Submitted: 2010-05-31
Updated: 2014-09-22
Resolved: 2011-03-08

JDK 7
7 b121Fixed

A DESCRIPTION OF THE REQUEST :
Short summary: CharsetEncoder.maxBytesPerChar() returns a value of 4.0 for UTF-8. However, the *real* value should be 3.0. While it is possible for a code point to produce a 4 byte UTF-8 sequence, these code points require *two UTF-16 characters*, thus these code points have a bytes per char value of 2.


JUSTIFICATION :
This is a performance issue, not a correctness issue: The code path for String.getBytes("UTF-8") ends up allocating a *worst case* sized buffer, computed based on this value. Reducing this from 4.0 to 3.0 will reduce garbage collection rates for string processing applications.

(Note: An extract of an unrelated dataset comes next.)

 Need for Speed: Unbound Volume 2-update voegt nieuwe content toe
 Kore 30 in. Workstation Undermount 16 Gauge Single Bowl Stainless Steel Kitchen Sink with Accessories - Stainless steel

EXPECTED VERSUS ACTUAL BEHAVIOR :
EXPECTED -
Charset.forName("UTF-8").newEncoder().maxBytesPerChar() should return 3.0

See the example code for a program that computes and verifies this value.
ACTUAL -
Charset.forName("UTF-8").newEncoder().maxBytesPerChar() returns 4.0

---------- BEGIN SOURCE ----------
import java.nio.charset.Charset;

public class Test {
    public static void main(String[] arguments)
            throws java.io.UnsupportedEncodingException {
        System.out.println("Reported max bytes per char: " +
                Charset.forName("UTF-8").newEncoder().maxBytesPerChar());

        double maxBytesPerChar = -1;
        for (int i = 0; i <= Character.MAX_CODE_POINT; i++) {
            String s = new String(Character.toChars(i));
            assert 0 < s.length() && s.length() <= 2;
            byte[] utf8 = s.getBytes("UTF-8");

            double bytesPerChar = utf8.length / (double) s.length();
            if (bytesPerChar > maxBytesPerChar) {
                maxBytesPerChar = bytesPerChar;
            }
        }

        System.out.println("Computed real max bytes per char: " +
                maxBytesPerChar);
    }
}

---------- END SOURCE ----------

EVALUATION It appears the submitter 's argument might be right. Even the API doc of maxBytesPerChar() uses the word "character" in "maximum number of bytes that will be produced for each character of input", it might be more accurate to say the 16-bit "char" unit of the CharBuffer.

16-08-2010